I am here lurking, have been reading and listening, but no time to post.Will try to sort that tonight and respond to posts, I tried last night, fell asleep with laptop on me, sat upright!
Working, just about. mobility improved enough to crawl in with my crutch, and stand at my desk. Luckily it's literally by the door (DH drops me at a barrier, I walk around a corner, through a door to a lift, up 3 flights, then two security doors from the lift and about 10 steps to my desk, so hardly any walking) and I can get to the loo, make a drink without really passing people if I time it right (not that I do that, I get Ross to pick me up a super strong coffee from my fave cafe on route and that lasts me, i'll nuke it through the day, gross I know, but better than sludge coffee) and so I hardly had to move yesterday and no-one really noticed I don't think. I had two clients to see, and then it was obvious I couldn't move much but I just cracked on.
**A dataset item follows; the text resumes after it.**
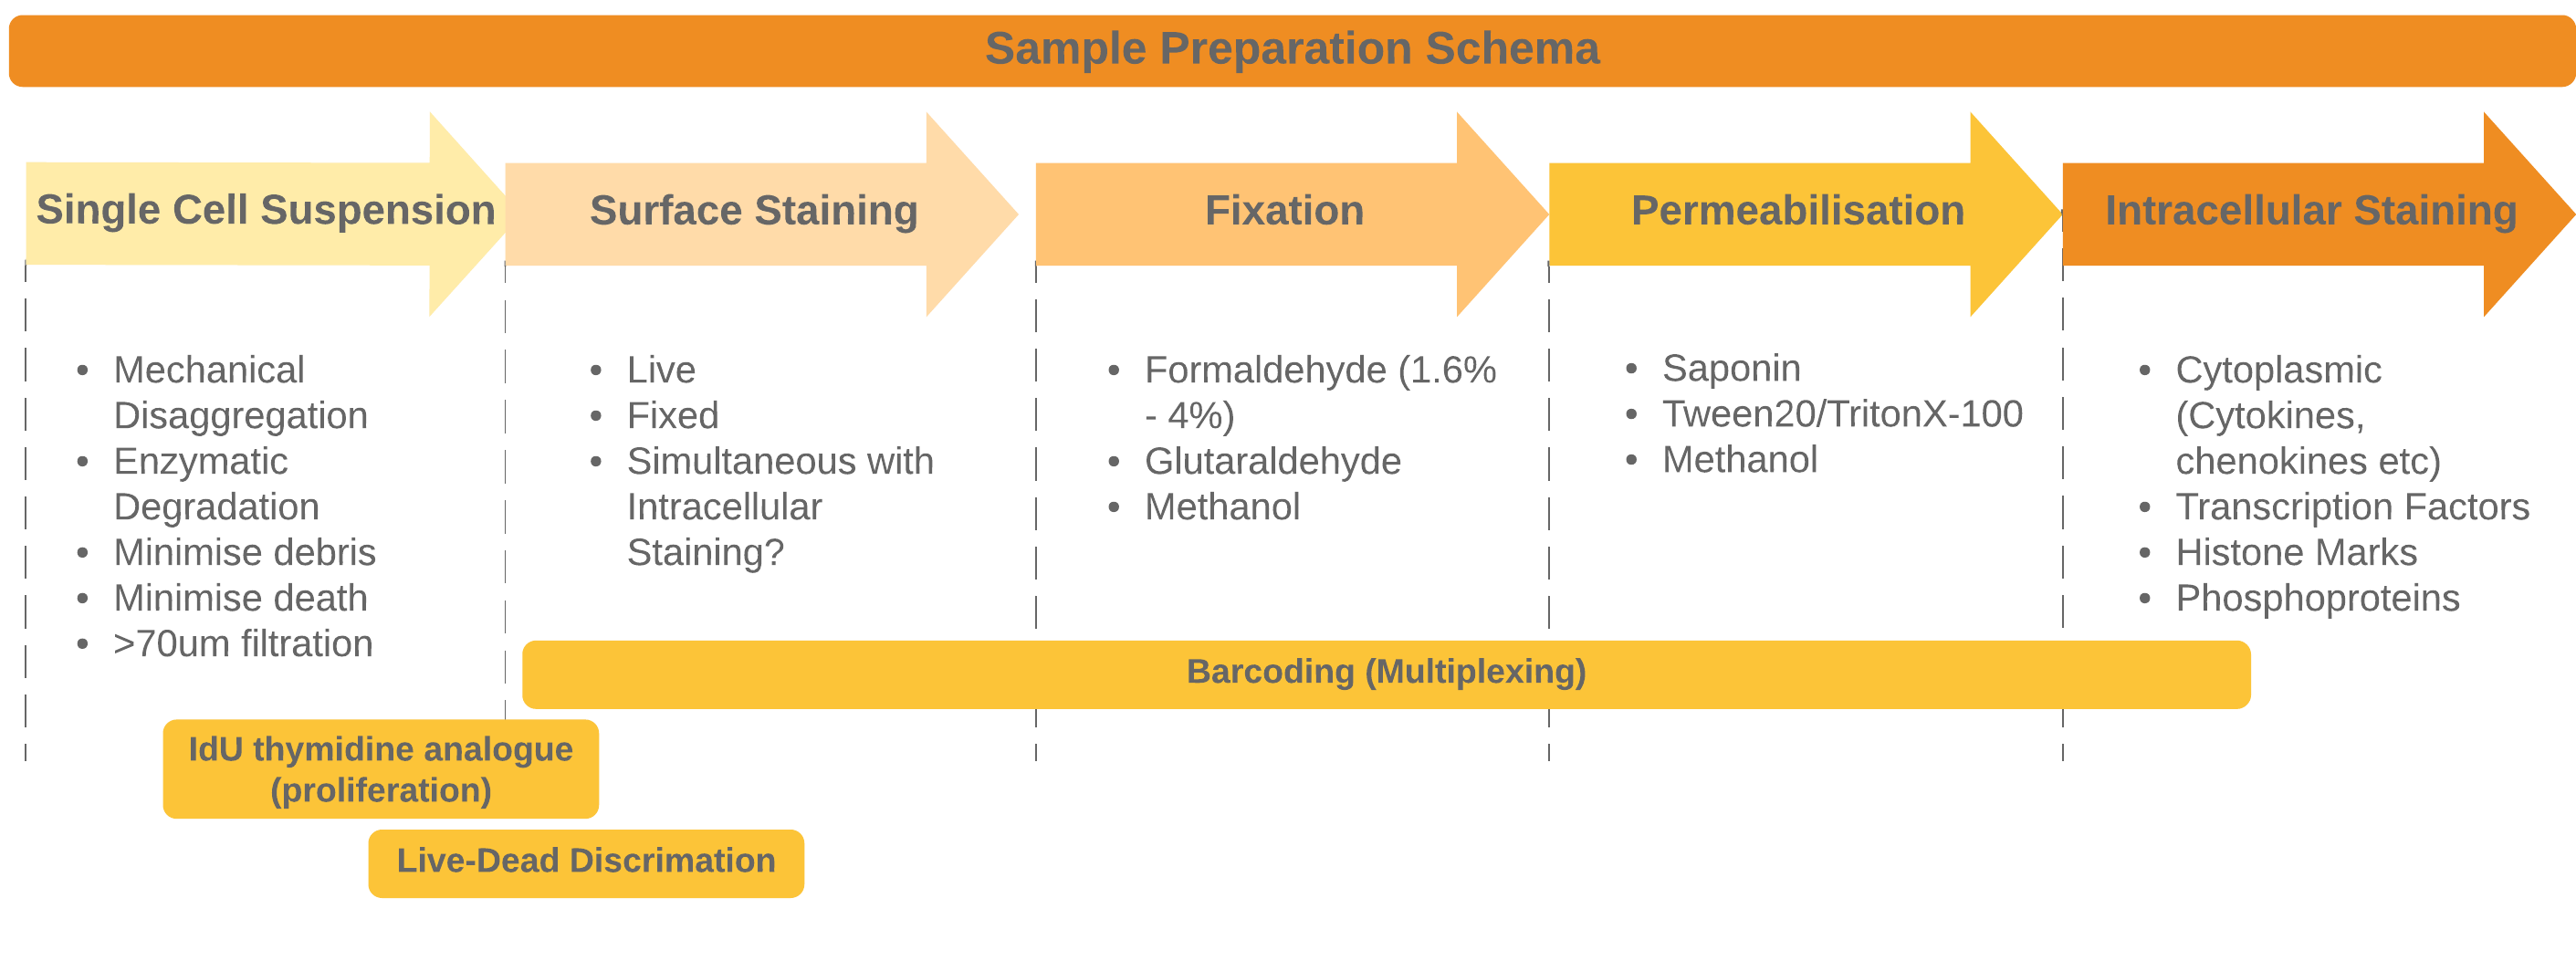 The general approach to sample preparation and staining with some common optional procedures

However, last night, I painted a wall
I know, I know. I took a shit ton of painkillers, sugar soaped the walls ready to paint, and being ever impatient, used a hair dryer to dry a wall so i could paint it (not really a wall, a tiny slither of wall near the back door). I didn't stretch, or bend, I used the ladder and then sat on the floor to do the bottom bit. Suffering today, but fuck it, I love decorating! well, I don't really enjoy the boring prep stuff but the painting bit I do. This isn't decent colour, it's just base prep, but looks better already. It was lovely as the children were in bed, DH was out for the night, I had the kitchen to myself, and I just enjoyed working on making it ours. I hate that I can't do this stuff any more, it it weren't for my back I would be cutting in the ceiling, and all sorts, but I just did what I could and lowered my expectations of what I considered to be successful for me. I then had a cuppa in the kitchen that I cleared once I had finished, and looked at how it's gonna be next week. it's not kayaking, but it's something.
About to take lots of painkillers and go to work. Had a meeting that has been cancelled, so now can immerse myself into risk assessments and not speak to anyone. Pain is high, I have numb patches that I don't care to think of, but I can walk, unlike at the weekend and so I am ploughing on. 19th December is my goal, I can do that.
Oh. And my big boss has authorised my absence for surgery and recovery as paid disability leave, so it won't count towards my sick record. YEY.